Protein was isolated from muscle tissue using tissue protein extraction reagent (TPER) (Thermo Fisher) and M tubes (Miltenyi Biotec) to mechanically homogenize the tissue using a gentleMACS tissue dissociator (Miltenyi Biotec). The homogenate was centrifuged at 1000 x g for 5 minutes, the supernatant was collected, and the supernatant was centrifuged again at 10,000 x g for another 5 minutes. The supernatant was collected and protein concentration was determined using the BCA assay (Thermo Fisher).

Cytokine array

Rat blood serum samples and isolated muscle proteins (n = 3 for each treatment group and timepoint) were sent to an off-site laboratory (RayBiotech), and quantitative proteomics were performed using a Miltiplex ELISA panel of rat-specific cytokines. Expression data for each treatment group (uninfected and infected) and time point (Day 4 and Day 14) were averaged, and a Student’s t-test was used to determine significant differences in expression.

Micro-CT scanning

Rat femurs were scanned using a Scanco Medical microCT 40 machine.
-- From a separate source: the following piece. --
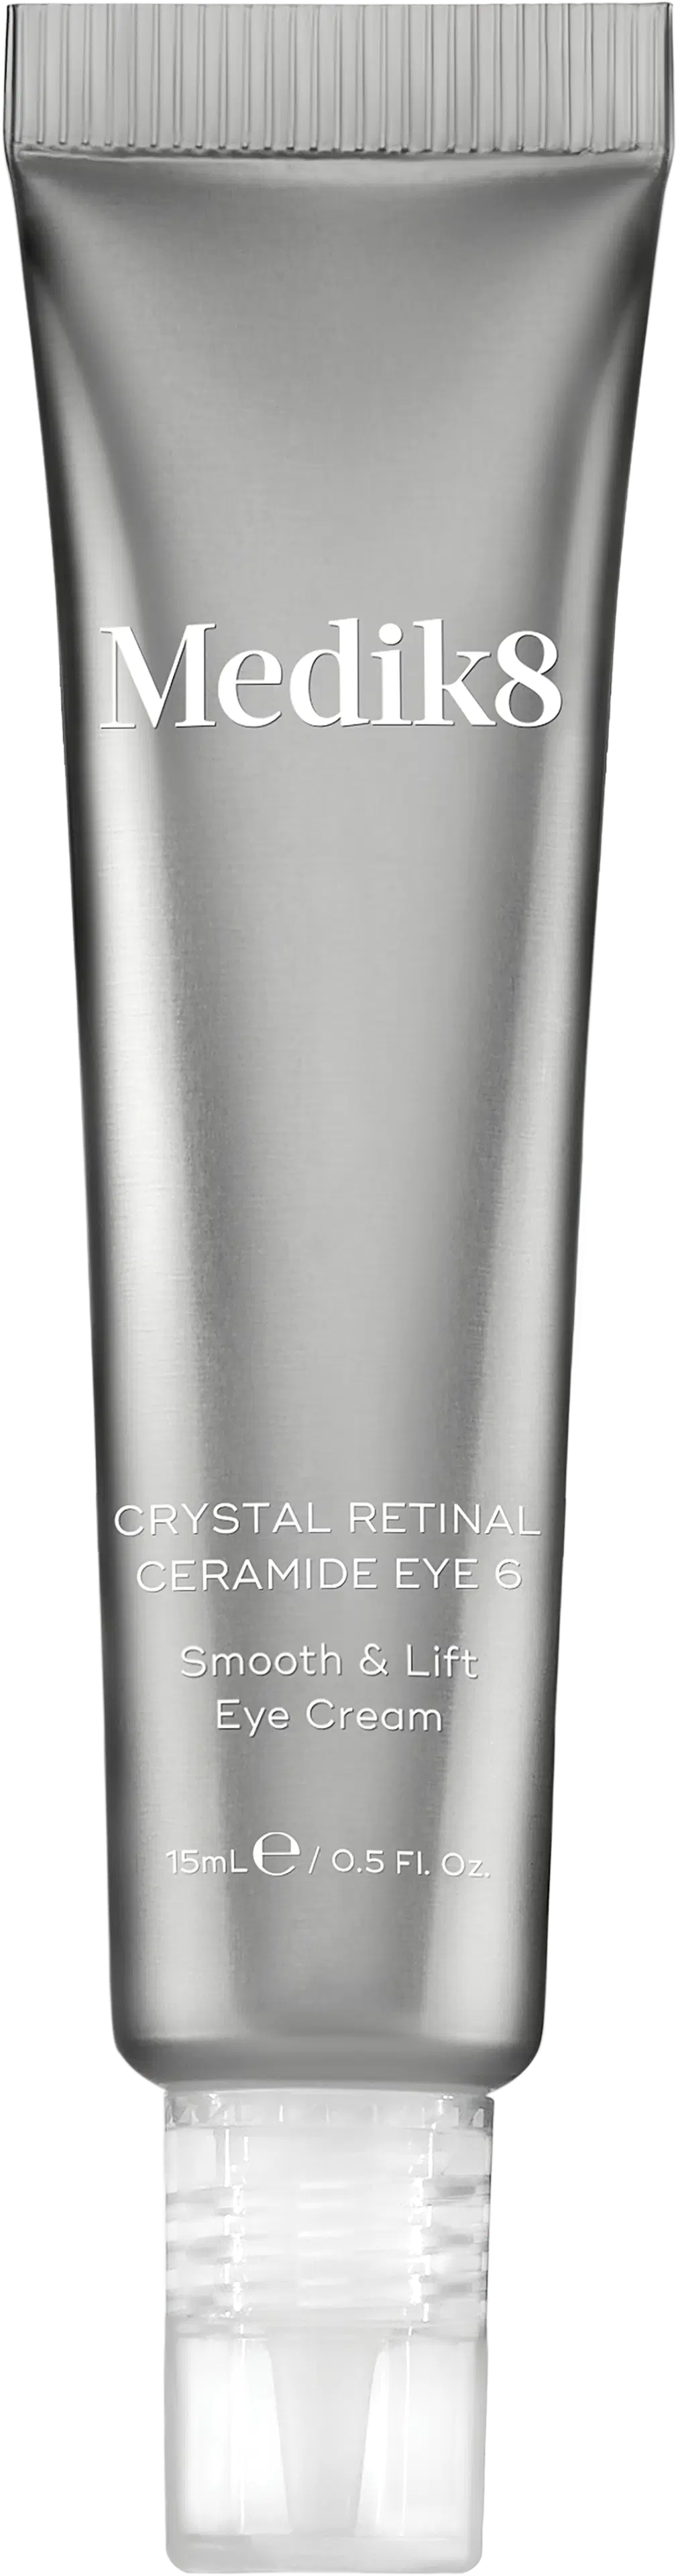 Medik8 Crystal Retinal Ceramide Eye 6 silmänympärysvoide 15 ml

Scans were performed along the long axis of the diaphysis using an energy of 55 kVp, a current of 145 mA, and a 200-ms integration time to produce a resolution of 16 mm3 voxel size. 140 slices were used to evaluate each hol,e with 20 additional slices on either side. All microCT data is reported as a percentage of bone volume at these holes. The manufacturer's software was used to calculate bone volume and mean density (BV/TV) data. The control femurs that did not undergo surgery were measured in their entirety for use as a reference for normalization. This negated minor variations in hole placement from sample to sample. Proximal and distal holes were grouped separately due to substantial differences in healing between locations.

Statistics

Graphs and statistical analysis were performed using R statistical software version 4.2.2 and the ggplot2, forcats, stringr, patchwork, scales, paletteer, and pheatmap libraries, or GraphPad Prism 10.4.180,81,82,86,87,88,89. Significant difference was defined in all cases as p < 0.05. The Mann-Whitney test was used in the analysis for BV/TV calculations in bone, CFU calculations in vivo, and RT-qPCR analysis. Student’s t-test was used for cytokine analysis, and lymph node immunofluorescence analysis. Kruskal-Wallis with False Discovery Rate was used for bone and muscle histology scoring analysis and lymph node weight analysis. An ordinary one-way ANOVA was used for virulence factor analysis, depth of fibrosis analysis, and osteoclast analysis.